### TASK STATEMENT:
Find the line with "Le président américain" in the data below. Repeat it and every line after it exactly, but not the pictures.

### COLLECTED DATA:
··········

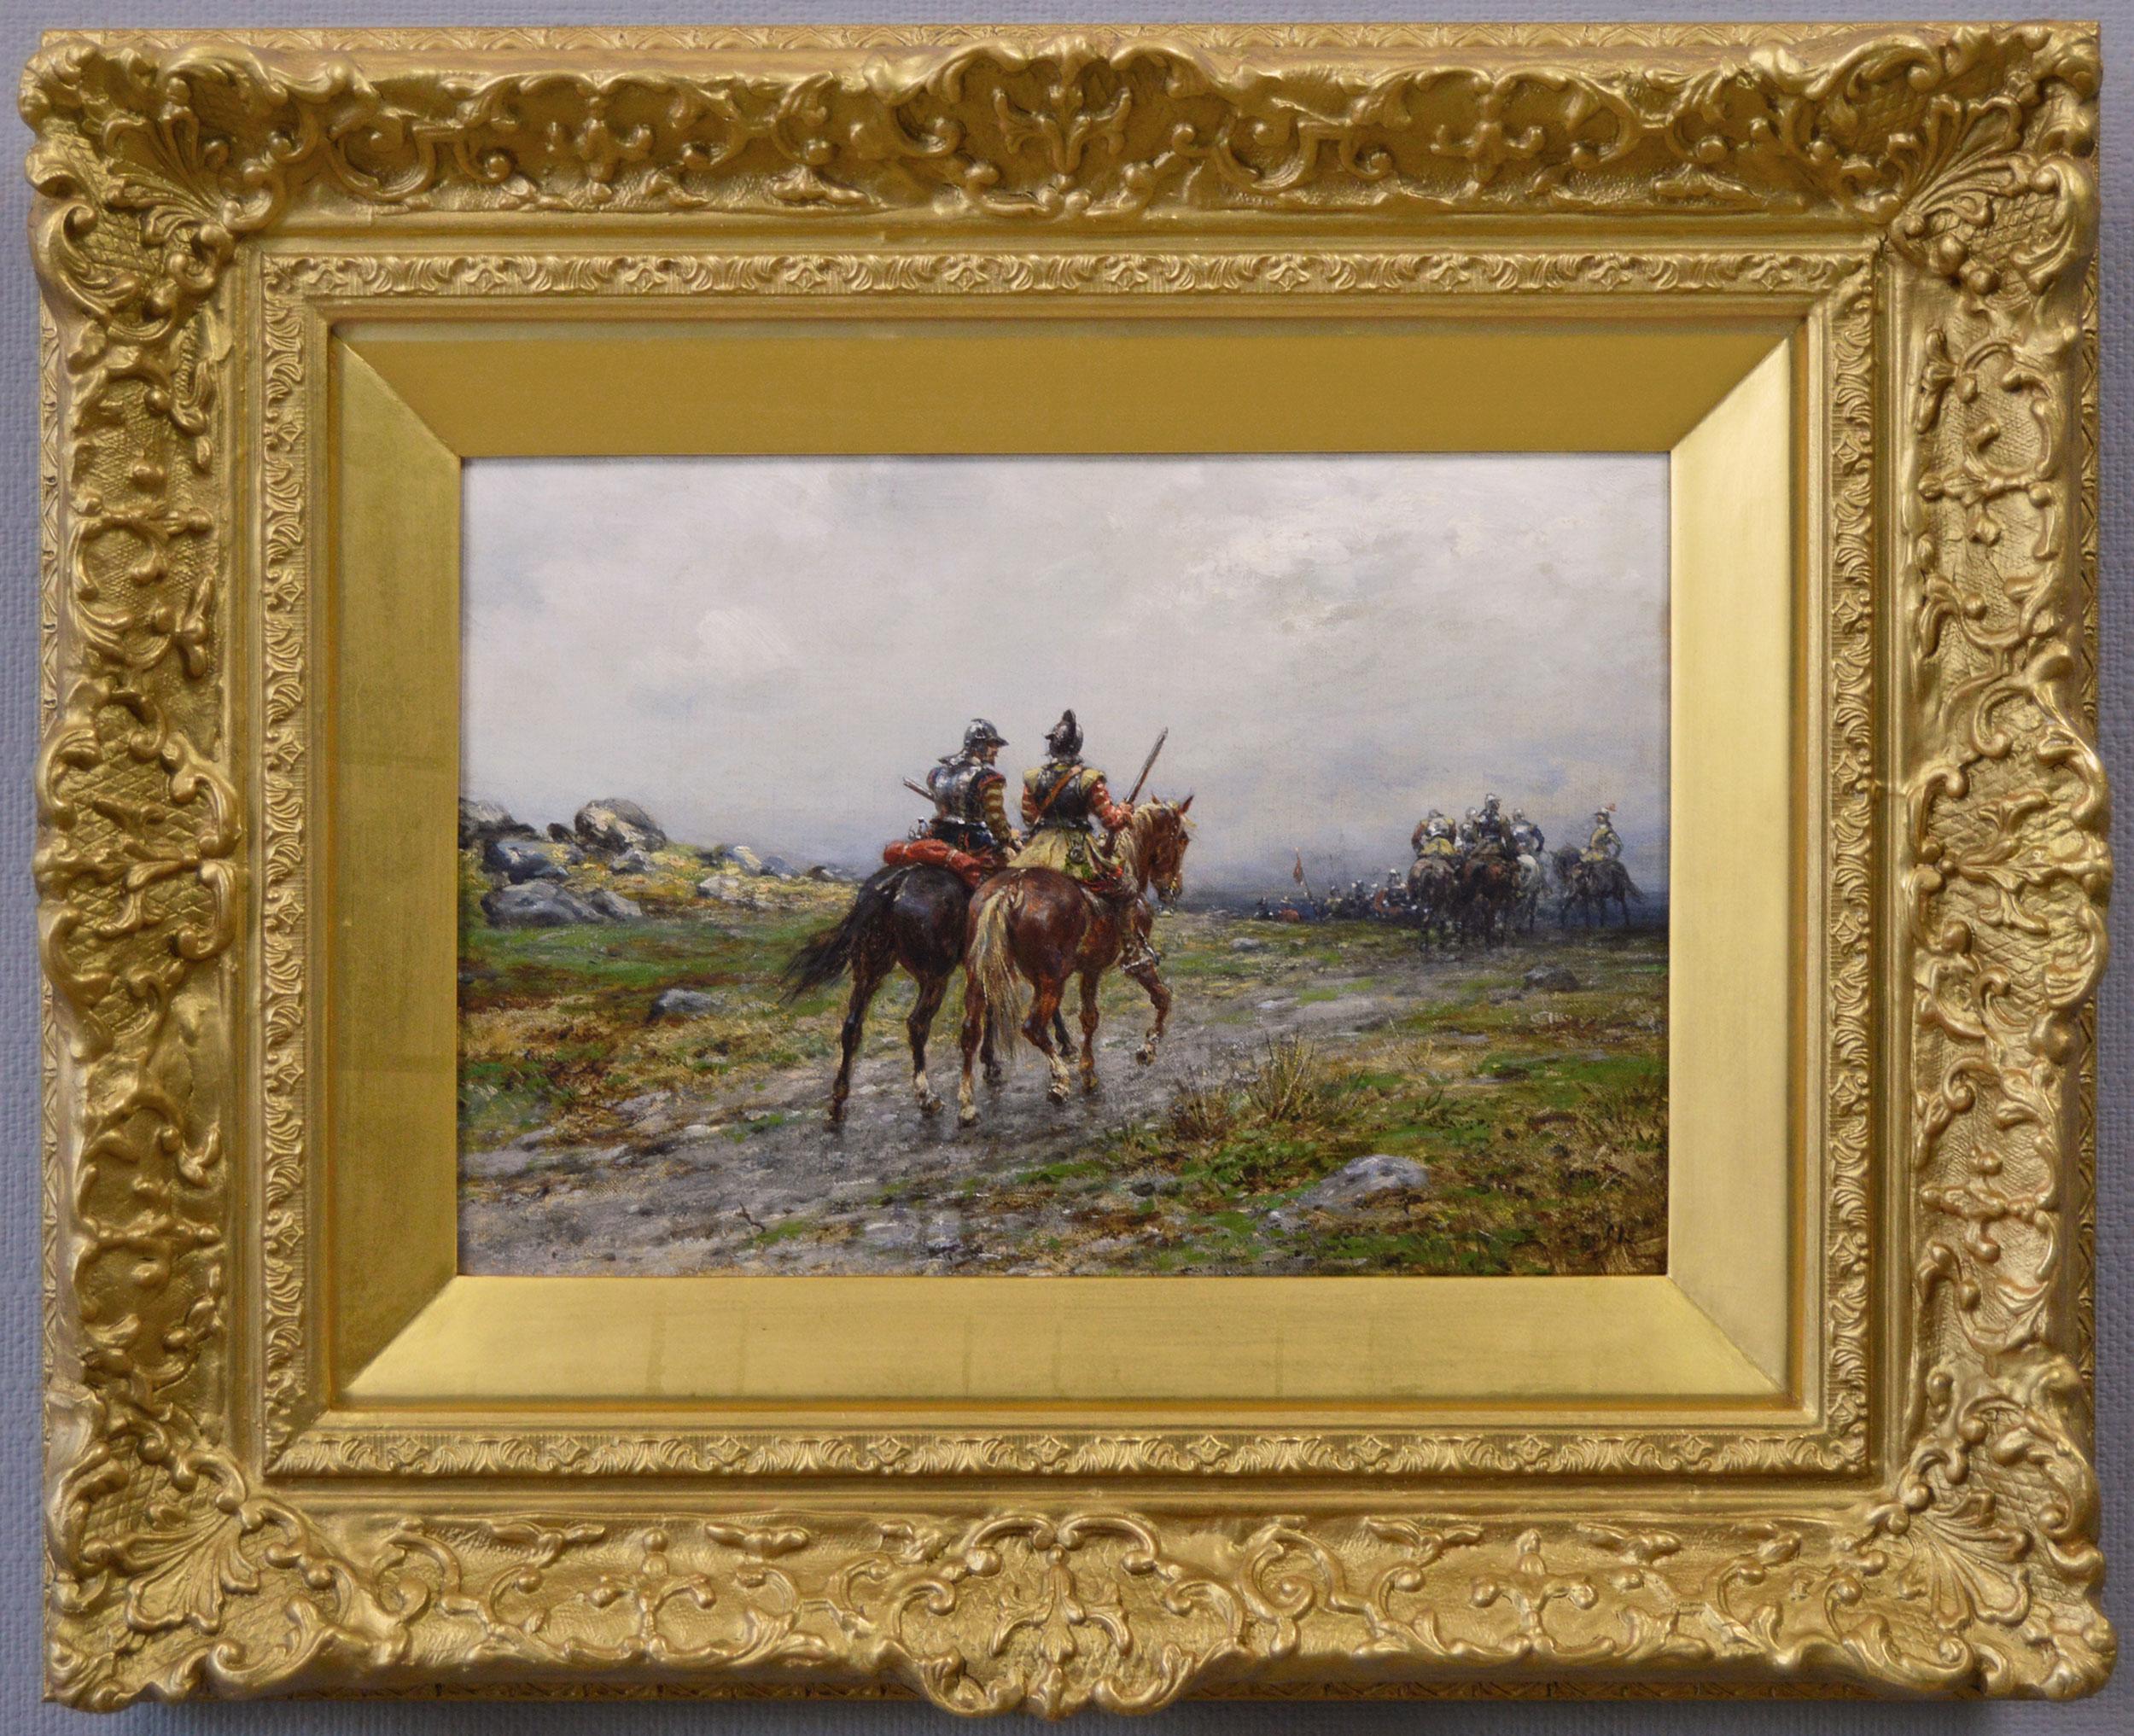 Peinture à l'huile de genre historique du 19e siècle représentant des soldats anglais de la guerre civile
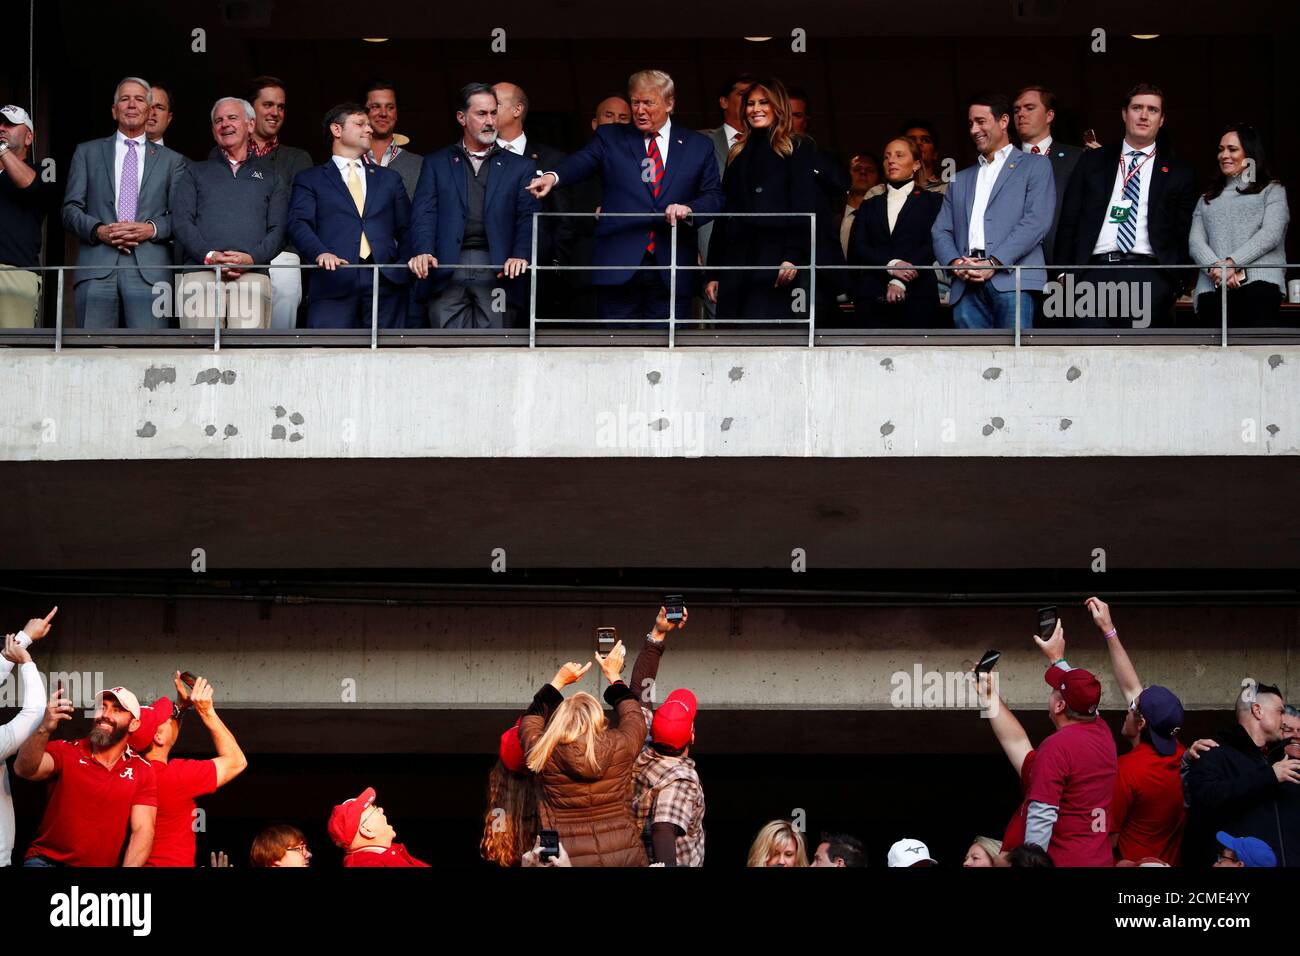 Le président américain Donald Trump et la première dame Melania Trump réagissent à la foule pendant la N.C.A.A. Match de football de la Division I entre l'Université d'État de Louisiane et l'Université d'Alabama au stade Bryant-Denny à Tuscaloosa, Alabama, États-Unis, le 9 novembre 2019. REUTERS/Tom Brenner Banque D'Images
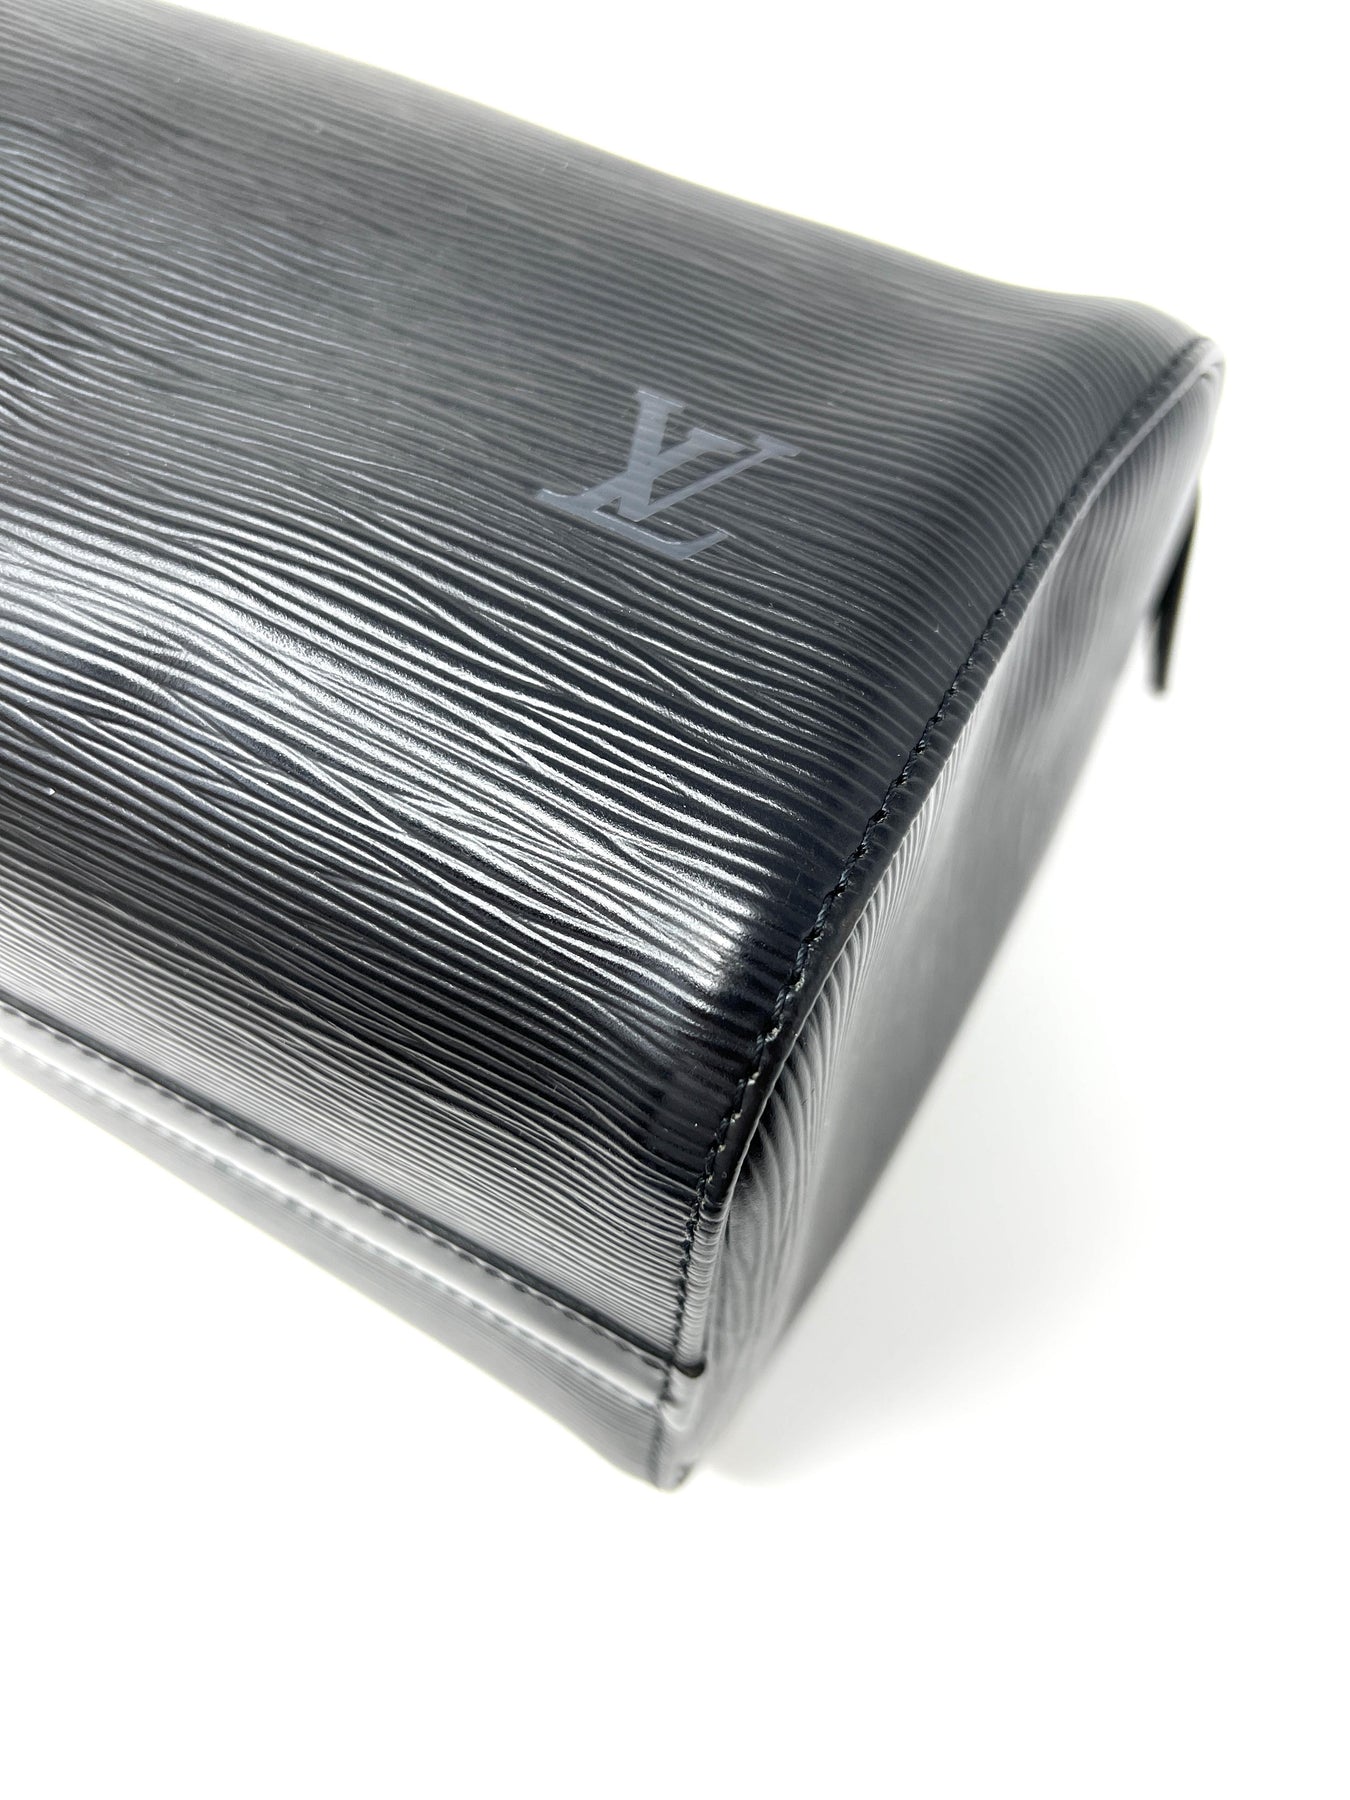 Louis Vuitton Black Epi Speedy 25 Boston PM 861025
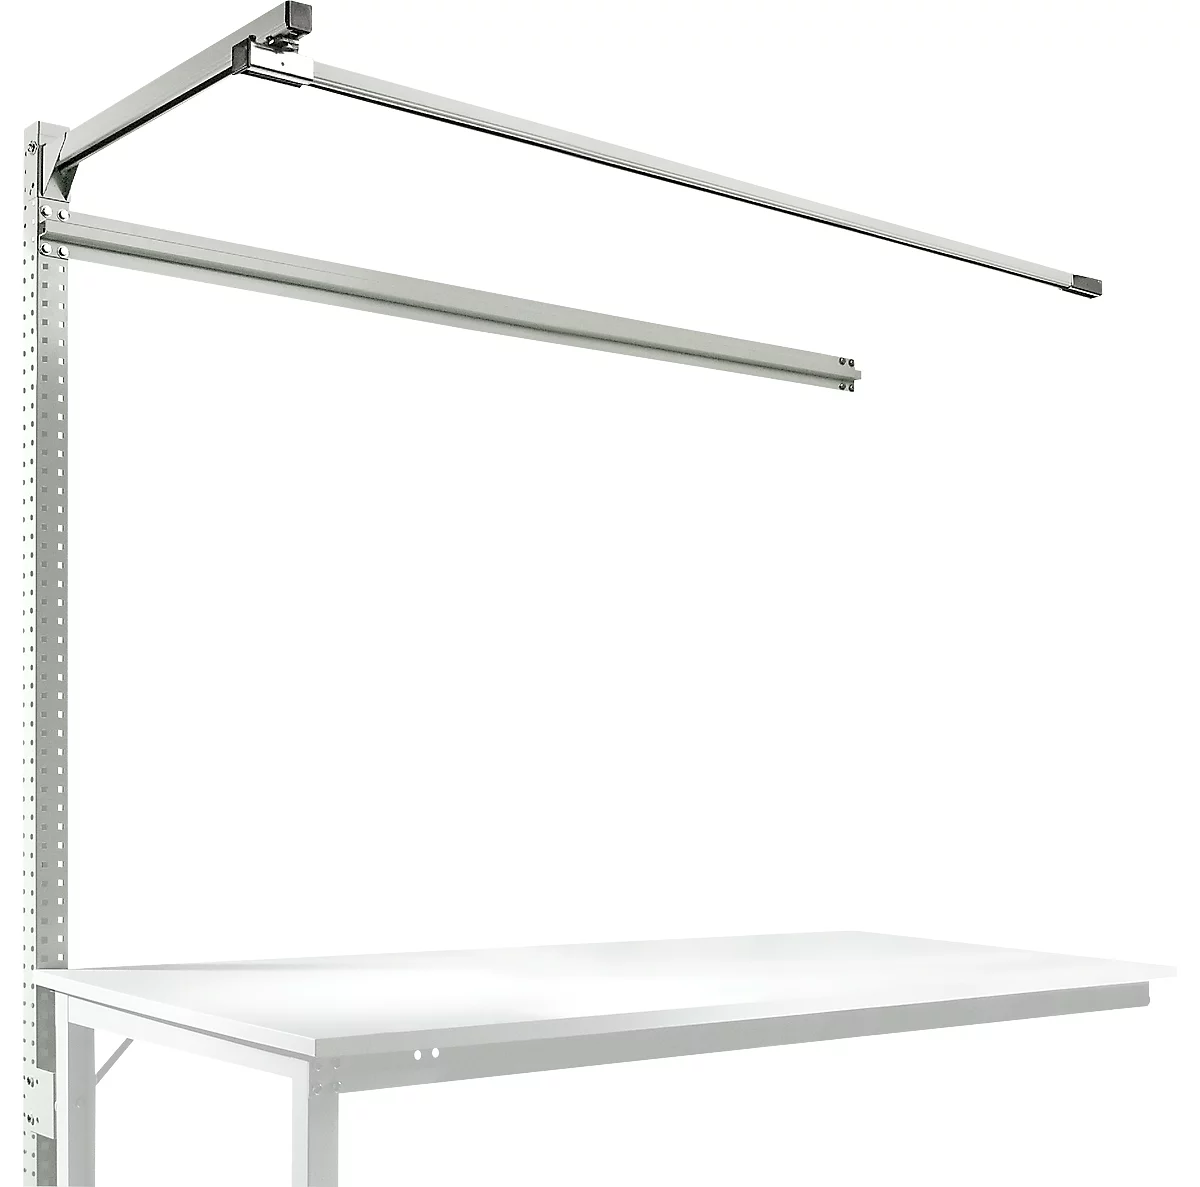 Estructura pórtica adicional con brazo saliente, Mesa de extensión SPEZIAL mesa de trabajo/banco de trabajo UNIVERSAL/PROFI, 1750 mm, gris luminoso

··········

### EXERCISE ANSWER:
 Le président américain Donald Trump et la première dame Melania Trump réagissent à la foule pendant la N.C.A.A. Match de football de la Division I entre l'Université d'État de Louisiane et l'Université d'Alabama au stade Bryant-Denny à Tuscaloosa, Alabama, États-Unis, le 9 novembre 2019. REUTERS/Tom Brenner Banque D'Images
 Louis Vuitton Black Epi Speedy 25 Boston PM 861025
 Estructura pórtica adicional con brazo saliente, Mesa de extensión SPEZIAL mesa de trabajo/banco de trabajo UNIVERSAL/PROFI, 1750 mm, gris luminoso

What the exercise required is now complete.